Matkin wrote that Meda received a positive test result Oct. 16 and was admitted to the hospital Oct. 17. She died Nov. 14.

Matkin expressed condolences to Meda’s family and appreciation for her contributions to the college. He also shared a link to a GoFundMe page raising money for Meda's funeral and medical expenses.

In a statement from a college spokesman, the college reiterated that it did not have permission from the family to share information about Meda's death at the time of Matkin's Friday email.

"On Friday, Dr. Matkin distributed a message to our faculty and staff updating them on a wide variety of items, including a recent SACSCOC visit," the statement says, SACSCOC being an acronym for the Southern Association of Colleges and Schools Commission on Colleges, the college's accrediting agency. "That email also included an update on the college’s COVID-19 response and statistics. To be clear the death of a faculty member was not announced at that time as we had not yet received approval from the family to share. Once that permission was granted, the formal announcement was distributed within our college community on November 23."

KERA News, a public media station serving North Texas, reported last month that some faculty and staff have wondered how seriously Collin College's administration was taking the virus. The college, which does not have its own student health services, has not posted a public-facing online dashboard with COVID statistics, as many other colleges have.

According to KERA News, Matkin sent an email to trustees in August in which he argued that concerns about the virus have been overblown.

"The effects of this pandemic have been blown utterly out of proportion across our nation and reported with unfortunate sensationalism and few facts regardless of which news outlet one tunes into," he wrote in the email. "It has become political in a pivotal election year and frankly, it has made our jobs all the more difficult."

In July, the administration rejected recommendations put forward in a Faculty Council resolution calling on the administration to, among other things, move all fall courses online whenever possible and to give any faculty member the right to teach online if they so chose. Instead, Collin granted accommodations on a case-by-case basis for faculty at higher risk, including those age 65 or over or those who live with a higher-risk individual. Matkin wrote in the Friday email that the college received 100 work-from-home requests from faculty seeking accommodations and granted 90. Seven requests were rejected and three withdrawn.

Burnett, the history professor, said reaction to Matkin's Friday email should be understood "as the latest in a long string of insensitive responses to faculty’s desire to know everything we need to in order to stay safe and keep our loved ones safe."

"Let us remember that the key story is someone’s mother and someone’s sister has died," Burnett said. "That should remain the focus -- that a faculty member teaching face-to-face who has a family who loves her and was there to serve our community died because she was exposed to a student. That’s the main thing, but behind that is the growing frustration ever since the pandemic began with how callous and dismissive the president has been to people who raised concerns."

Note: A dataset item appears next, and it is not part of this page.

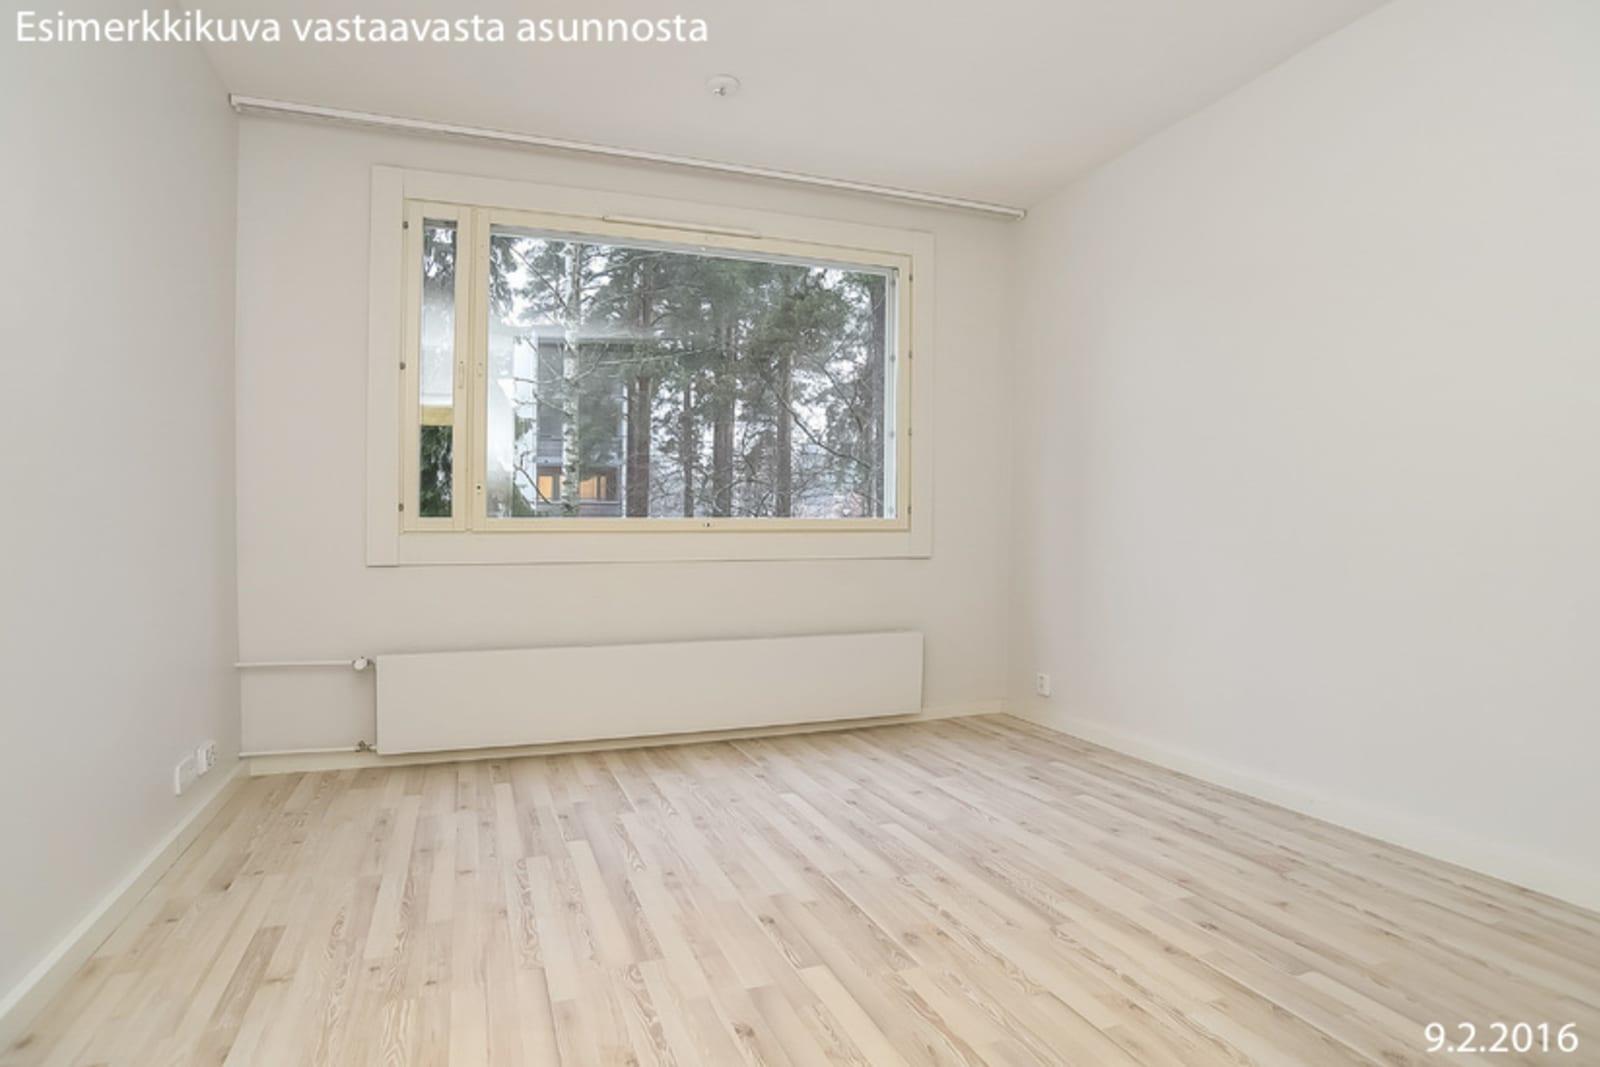 Espoo, Laajalahti, Heinjoenpolku 2 G-J H 052

Michael Phillips, a professor of history at Collin, said "even if Dr. Matkin did not have permission from Iris Meda's family to share her name at the time he sent his first email, his initial announcement of the death of a faculty member was handled in a callous fashion."

"He wrapped the announcement in a holiday greeting and packaged it with news about a SACS visit and an update on charitable giving," Phillips said via email. "Even without providing a name, Dr. Matkin should have broken news that a faculty member died in a separate email with condolences, an appropriate acknowledgement of how tragic the death was, and an appreciation of the hardships all students, faculty, and staff have gone through during this catastrophic pandemic. Instead, a faculty death was treated as a side note, a statistical item. This is not how you properly inform others that there was a death in the family."